DataVault is a comprehensive framework designed to solve two of the biggest challenges in modern data management: protection and utility. It provides a secure-by-design pipeline to ingest and encrypt sensitive data, and a powerful, privacy-preserving mechanism to query that data using Large Language Models (LLMs).

The Vision: Protection and Utility

The Motivation

How can organizations leverage the power of AI on their most sensitive data without compromising user privacy or security? Raw, sensitive data (like financial records or health information) is incredibly valuable for generating insights, but using it is fraught with risk. Exposing this data to third-party AI models or even internal analytics platforms can create significant security vulnerabilities.

The Idea: A Dual-Purpose Pipeline

DataVault is designed as a two-part solution to this problem:

The Vault (Protection): First, it acts as a digital fortress. It ingests sensitive data, immediately anonymizes it to remove personal identifiers, encrypts it into an indecipherable format, and stores it securely. This ensures the "data at rest" is fundamentally safe.
The RAG Engine (Utility): Second, it provides a secure bridge to unlock the meaning of that data without exposing the raw contents. It allows users to ask natural language questions about their encrypted data and receive intelligent answers from an LLM (like Google's Gemini). This is achieved through a Retrieval-Augmented Generation (RAG) process that maintains privacy at every step.

The ultimate goal is to enable users to have a conversation with their data, asking questions like, "What are the spending trends in the last quarter for our high-value customers?" and get a useful, AI-generated answer, all while the underlying sensitive data remains securely encrypted and anonymized.

Core Principles: Security and Privacy

DataVault's security model is built on key pillars that protect data throughout its lifecycle, both during storage and during AI-powered analysis.

1. Anonymization at the Edge

Before data is ever stored, it is stripped of its most sensitive identifiers.

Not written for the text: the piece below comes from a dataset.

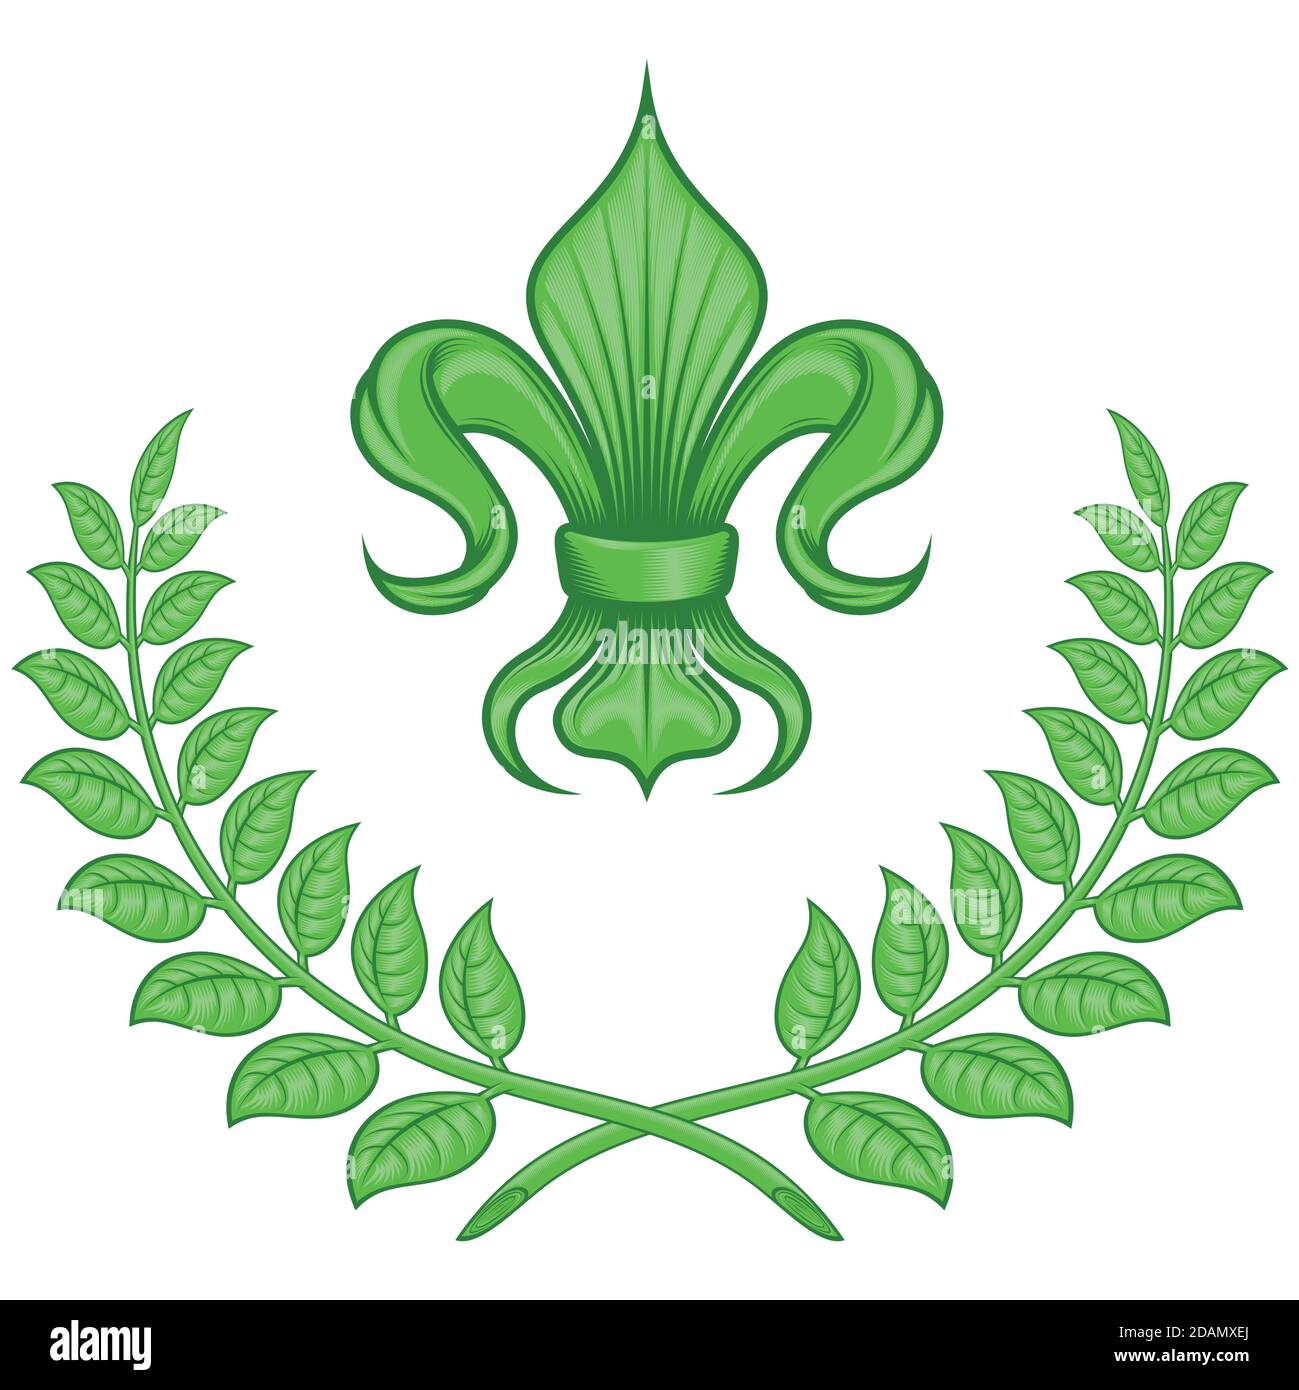 Vektor-Design von Fleur de Lis mit Lorbeerkranz, Symbol in der mittelalterlichen Heraldik verwendet. Alles auf weißem Hintergrund. Stock Vektor

PII Redaction (anonymizer.py): Personally Identifiable Information is replaced with synthetic but structurally similar data.
Privacy Preservation: This ensures that even if data is decrypted for analysis, it is difficult to trace back to a specific individual.

2. "Zero Memory" Encrypted Storage

The database is never a single point of failure for data security.

Strong Encryption (crypto_utils.py): After anonymization, the data object is encrypted using AES-256-CBC.
Opaque Storage (db/init.sql): The encrypted output is stored as a binary blob (BYTEA) in PostgreSQL. The database has "zero memory" of the cleartext information.

3. Privacy-Preserving RAG

The process of querying the data with an LLM is designed to protect the source information.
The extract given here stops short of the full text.